As an aspiring guitarist, I’ve noticed that music, like other forms of creative art, painting, drawing, or design, require high amounts of passion, enthusiasm, and resolve.   More and more, I’ve found the same about development — developers do their best work when they are working on something that they are personally passionate about.  Software engineering is a fundamentally creative practice — when I’m hacking away on a feature where I see a lot of value, I go the extra mile-and-a-half.

Let’s define a lexicon for our passion for development:

gumption – (n) Boldness of enterprise; initiative or aggressiveness ~ Wiktionary

gumption trap is an event or mindset that can cause a person to lose enthusiasm and become discouraged from starting or continuing a project. ~ Wikipedia

The creativity involved with quality software engineering is invoked when my team is working with the highest gumption possible.  As team lead, it’s my job to make sure that, everything else being equal, everyone’s workload is the highest use of their time.  Gumption traps should be avoided when possible.

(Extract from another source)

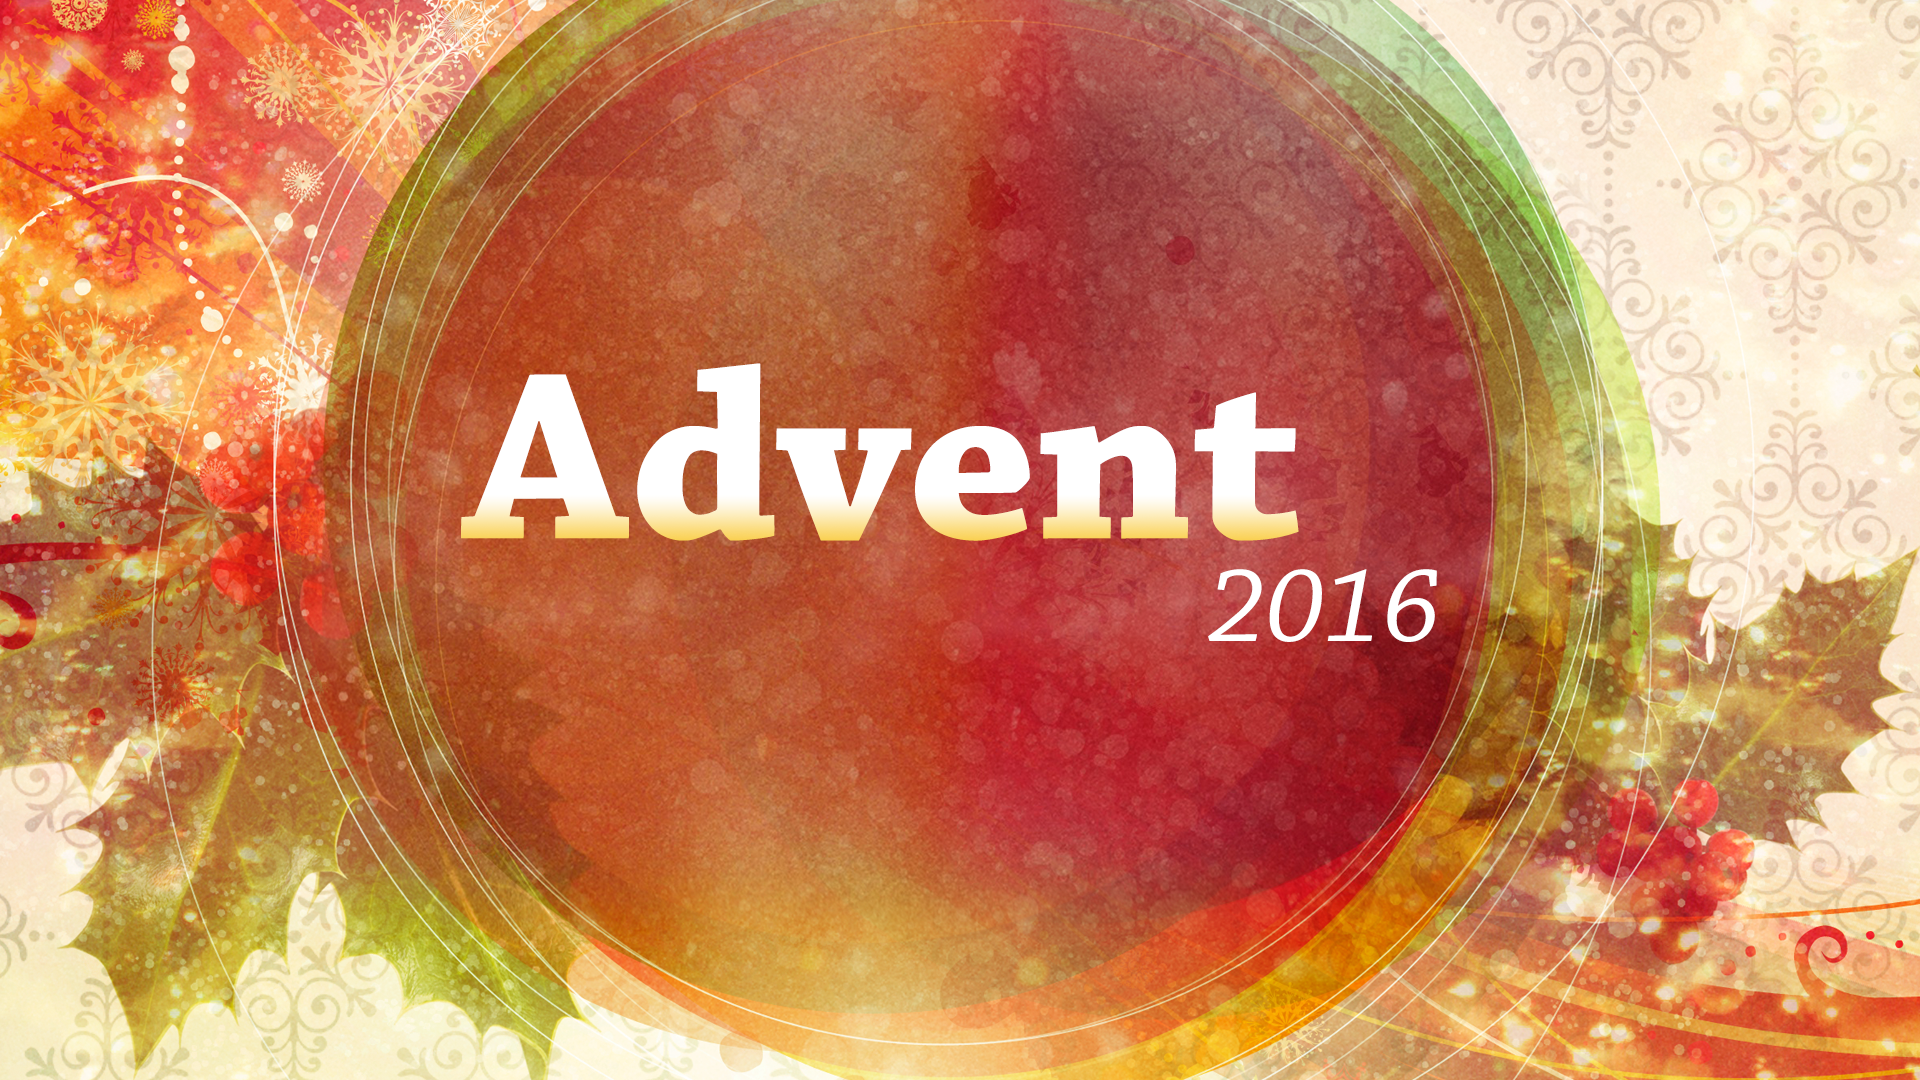 1. Advent 2016

That’s not to say that there isn’t drudgerous work to be done sometimes, or that anyone is above drab work, but that should always be a shared responsibility.  It just so happens that leading indicators of software quality are also leading indicators of the amount of gumption traps that will be assigned – bugs, performance issues, or other irreproducible or intermittent issues. As a team, it’s our job to keep quality high, and an ounce of prevention is worth a pound of cure.  Isn’t it great that what makes sense for the business also keeps the engineering team happy?